Ronald Kessler reporting from Washington, D.C. — More than any other unscripted comment during his campaign, President Obama’s admonition to supporters booing the mention of Mitt Romney’s name that “voting is the best revenge” spotlights his character and his motivation.
As noted in my story
“'The Obamas' Confirms Worst Fears About the President," Jodi Kantor’s book “The Obamas” is based on interviews with close associates of the first couple and paints a devastating portrait of the president. A New York Times reporter, Kantor says Obama is an elitist with a chip on his shoulder.
“He often showed a sweeping disdain for entire categories of the powerful — members of Congress, bankers — and a natural attraction to underdogs, to anyone he saw as vulnerable, ignored, or left behind,” Kantor says. He even has no use for the fawning press, which occasionally ventures criticism of him.

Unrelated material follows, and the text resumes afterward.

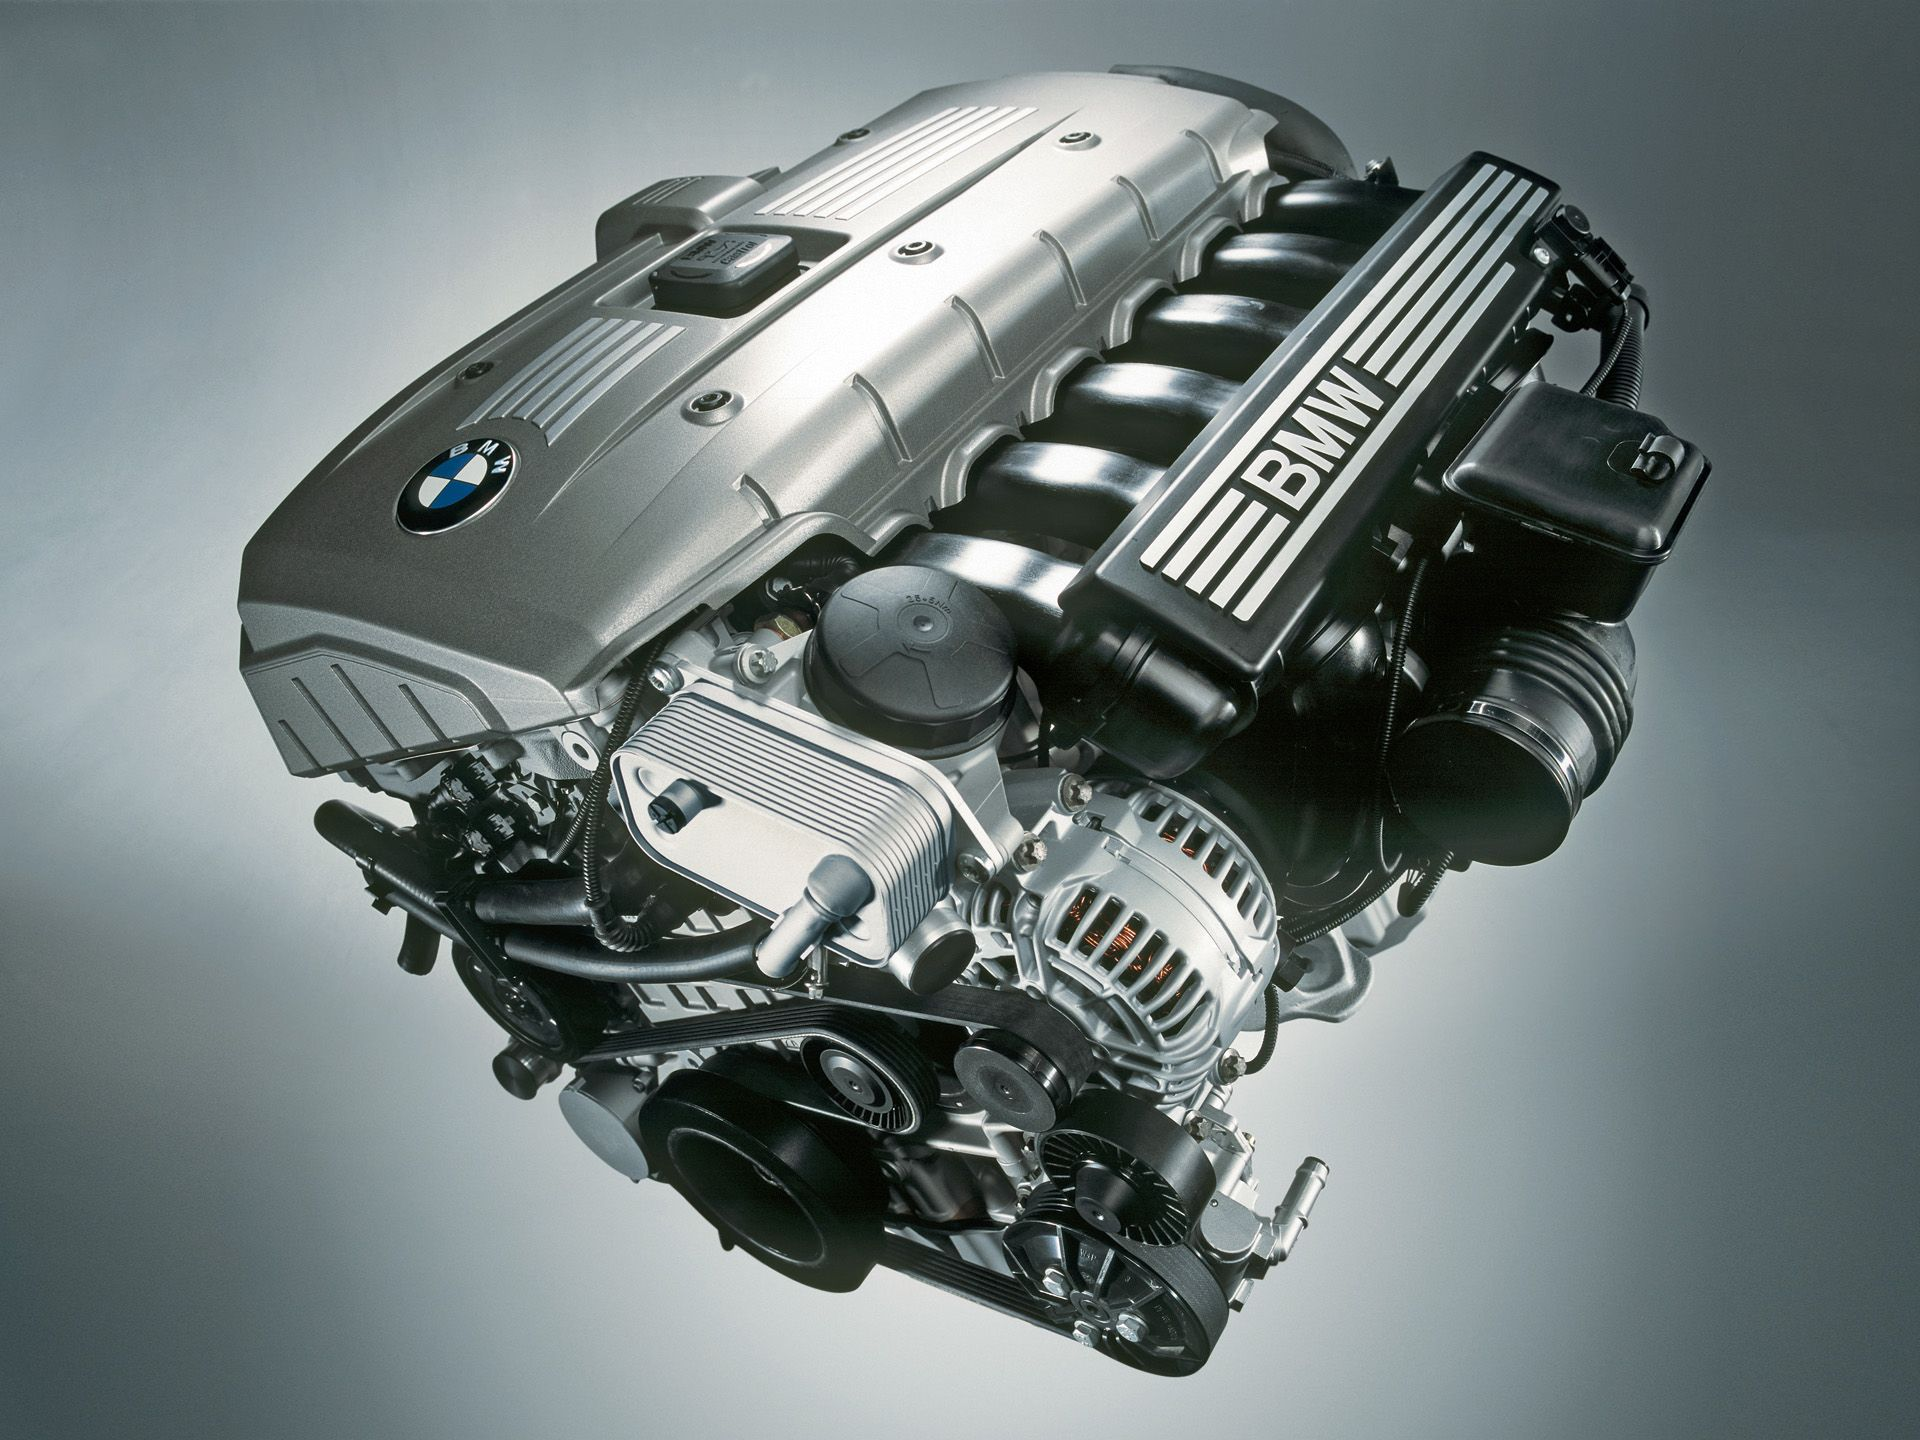 Bmw Nl Straight 6 Engine Block Bmw E36 Manual Transmission Visit

Obama views opposition to his agenda as a series of tendentious and ill-motivated allegations, a continuation of the nastiest rhetoric from the 2008 campaign, Kantor observes in her book, which is based in part on interviews with 33 current or former White House aides or Cabinet officers.
“Because of prejudice, some Americans were never going to accept anything he did as president, Obama told aides,” according to Kantor. “As a consequence,” the book says, “it is not clear that the Obamas heard what was most valuable and true in the public resistance to the healthcare plan and its overall cost.”

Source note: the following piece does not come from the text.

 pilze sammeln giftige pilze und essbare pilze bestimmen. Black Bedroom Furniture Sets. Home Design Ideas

As for running for a second term, it’s not to restore the country to strength and prosperity. Rather, “Obama’s rationale for another term still sounded mainly defensive: He had to run to save the country from Republicans, or he wanted four more years to validate the work he had already done as president,” Kantor says.
Thus, Obama’s comment that voters should vote for revenge sums up his motivation for running: to get back at the hated establishment, which by definition includes Republicans. While he may have been riffing on the expression “Living well is the best revenge,” you don’t talk about revenge against another individual unless you mean it. It’s the same nasty attitude of the Rev. Jeremiah Wright Jr., his longtime preacher, sounding board, and mentor.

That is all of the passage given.